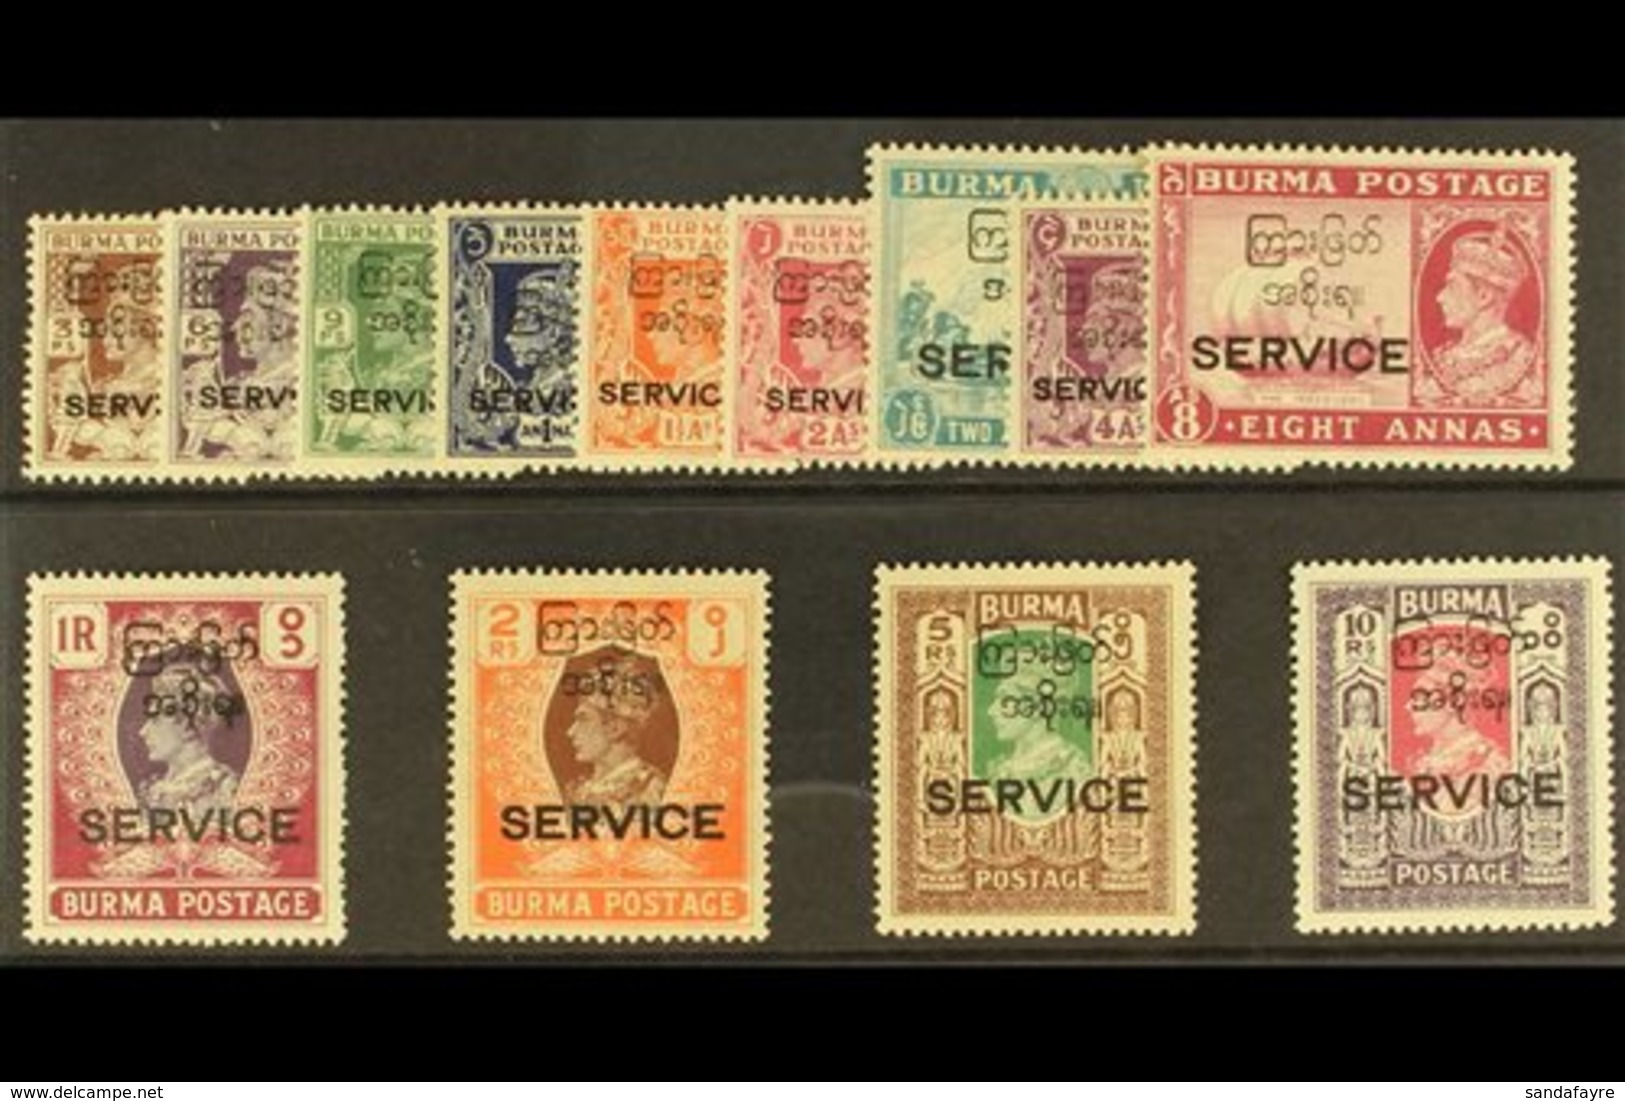 OFFICIALS 1947 Interim Government Overprinted Set Complete, SG 68/82, Never Hinged Mint, The 10r Top Value Lightly Hinge - Birmania (...-1947)
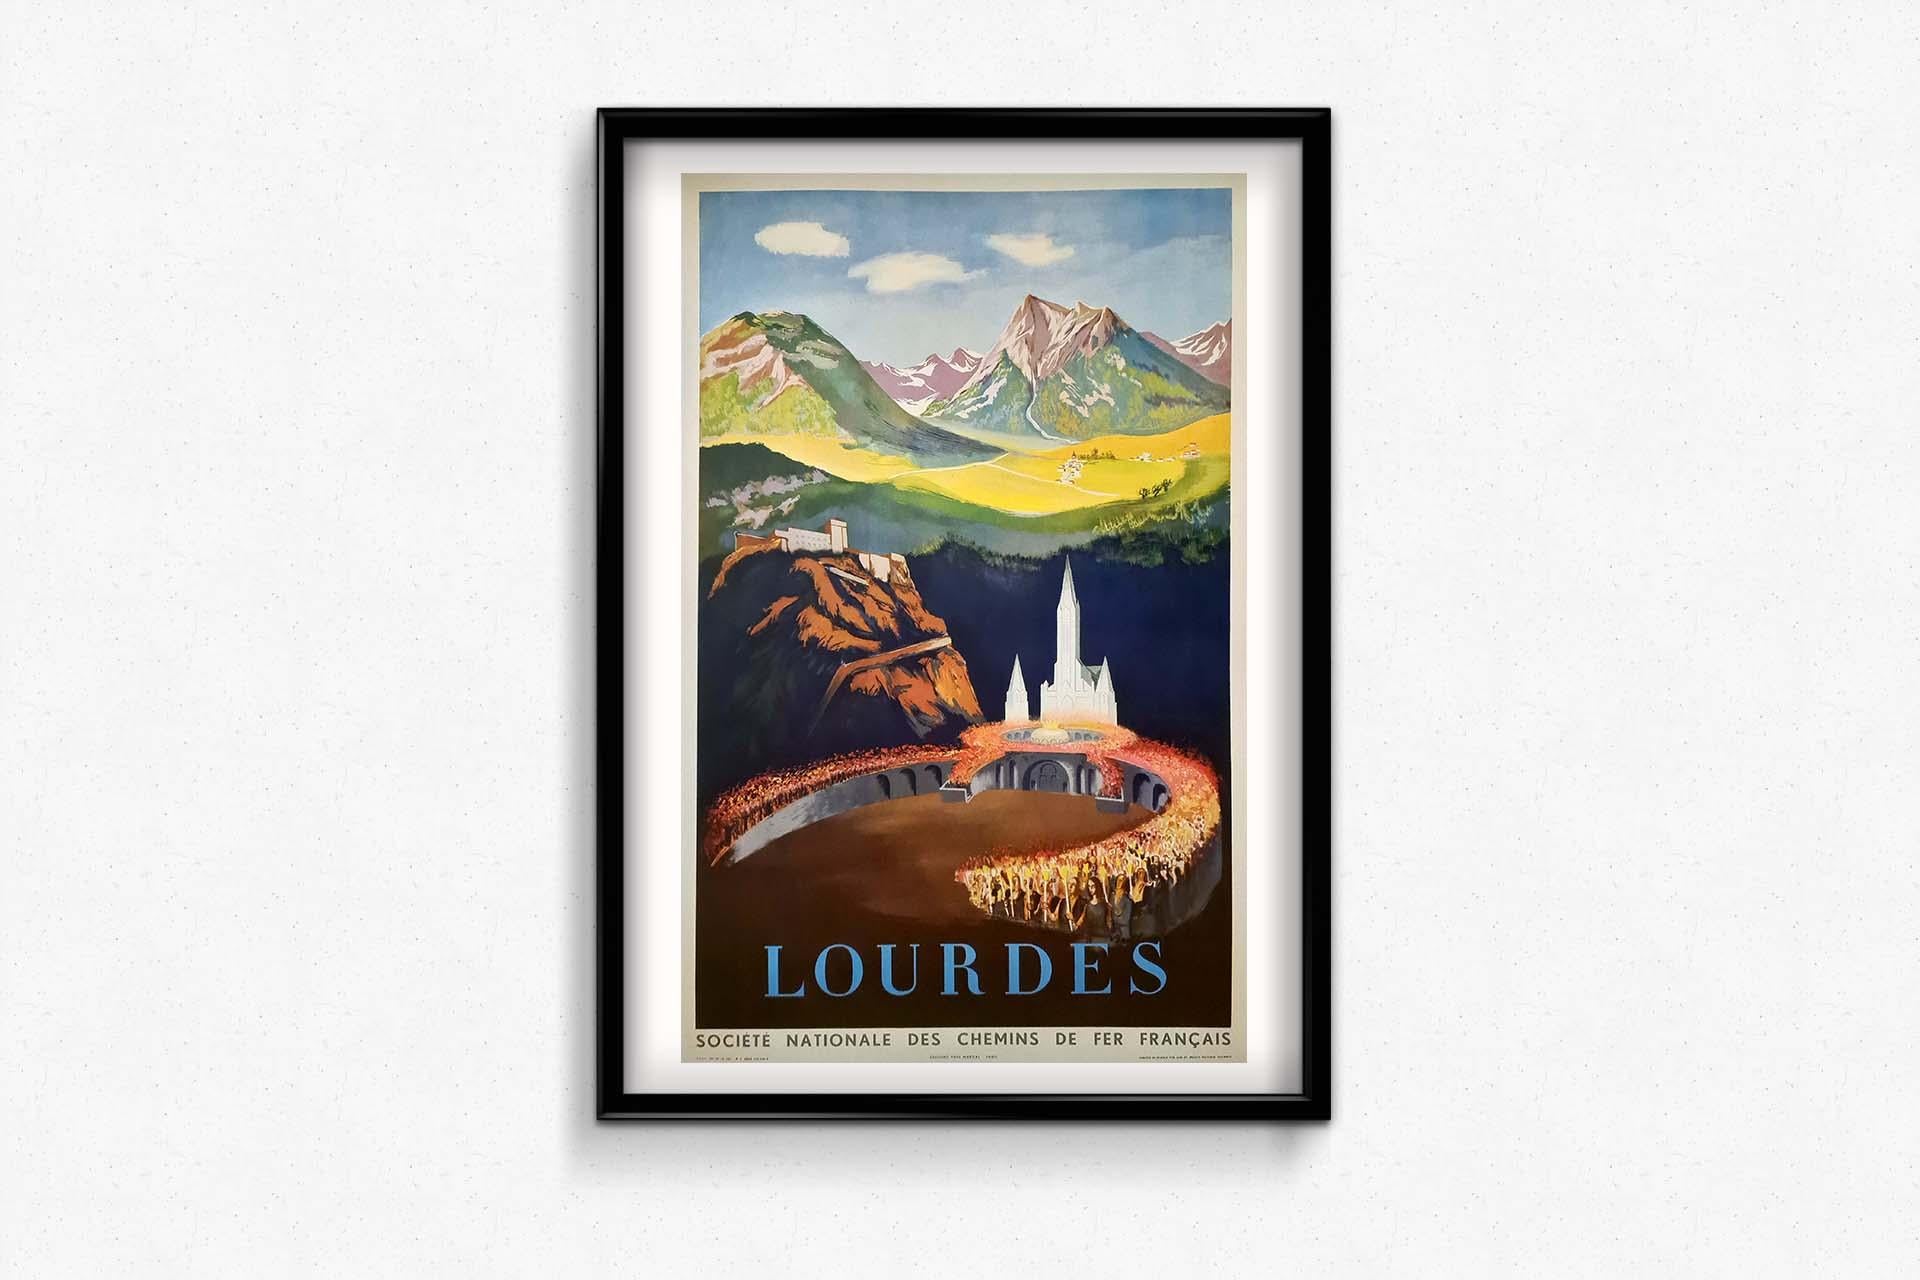 The 1951 original travel poster by Louis Berthomme Saint-André for Lourdes, commissioned by the French National Railway Company (SNCF), is a captivating testament to the allure of the famed pilgrimage destination in southwestern France. Berthomé, a
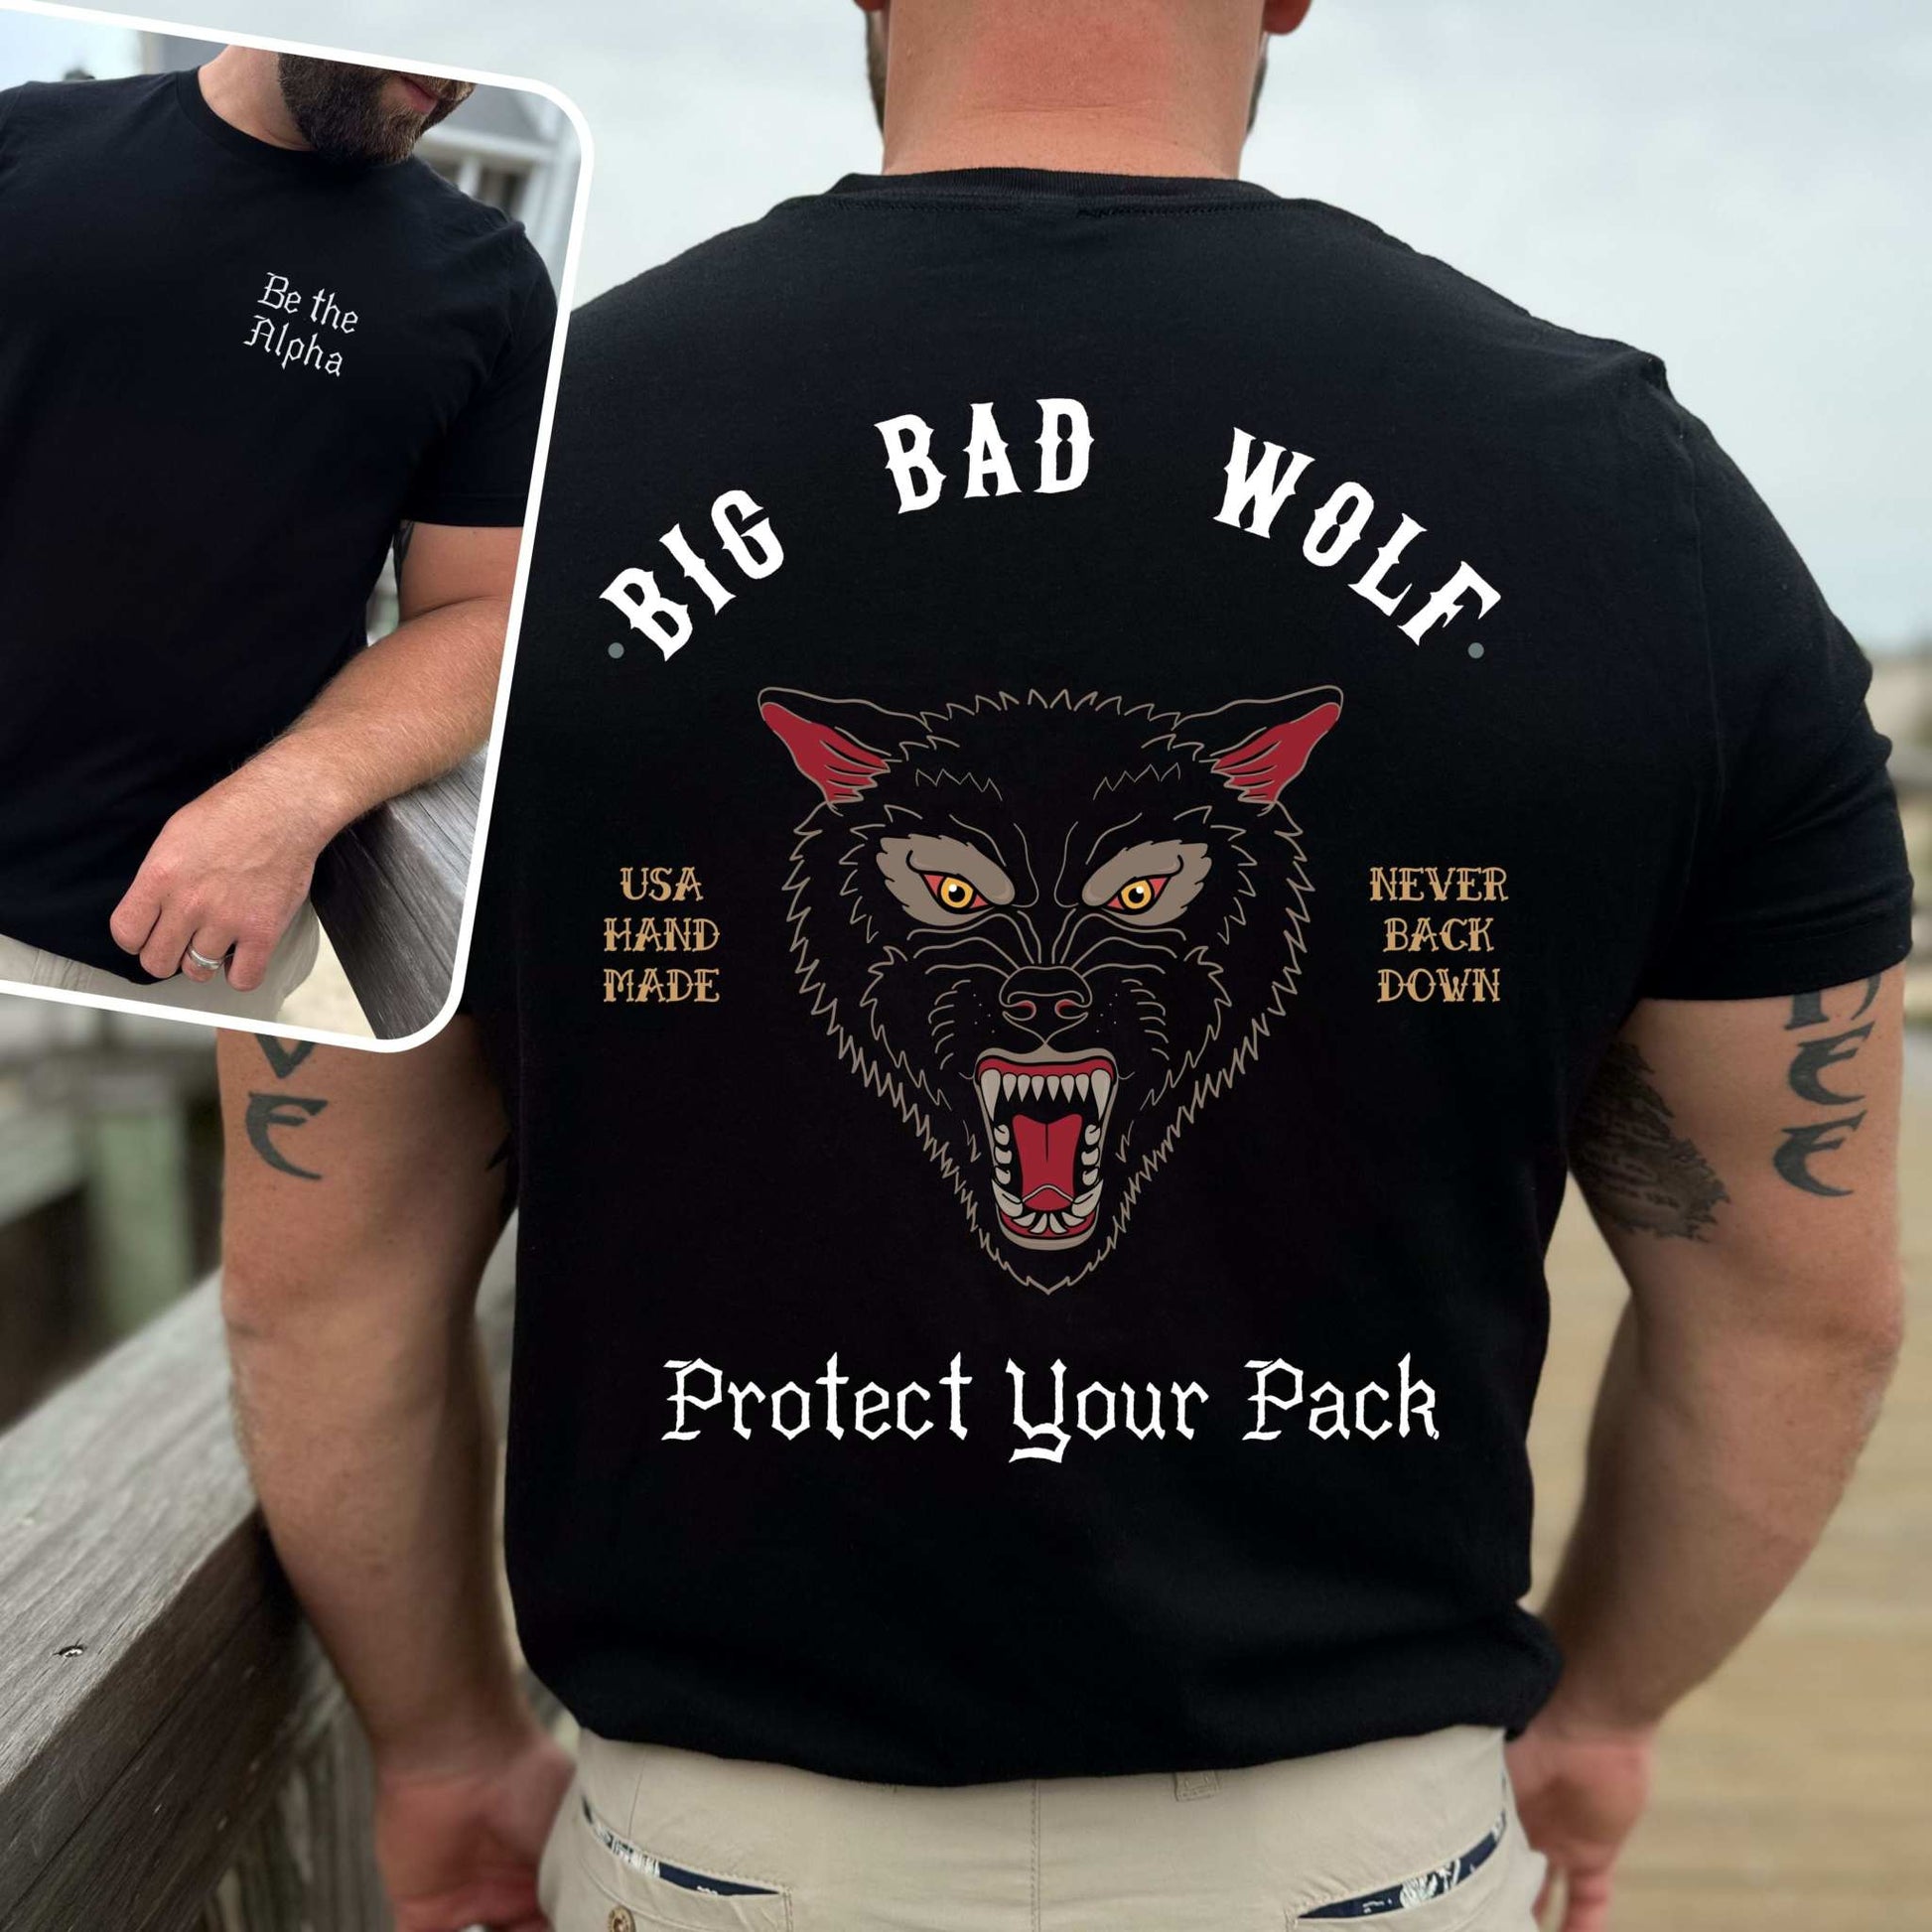 Big Bad Wolf Men'Wolfe Paw DesignsBig Bad Wolf Men'For alpha dads!
Be the Alpha Men's Tee
Protect your Pack.
100% combed, ring-spun cotton (fiber content may vary for different colors)Light fabricPremium fitRuns biggBig Bad Wolf  Men's Cotton Crew Tee

= ACTIVITY =
Output, and output only, the lines from the one containing "Be the Alpha Men's Tee" through the last line of the data above.

= RESPONSE =
Be the Alpha Men's Tee
Protect your Pack.
100% combed, ring-spun cotton (fiber content may vary for different colors)Light fabricPremium fitRuns biggBig Bad Wolf  Men's Cotton Crew Tee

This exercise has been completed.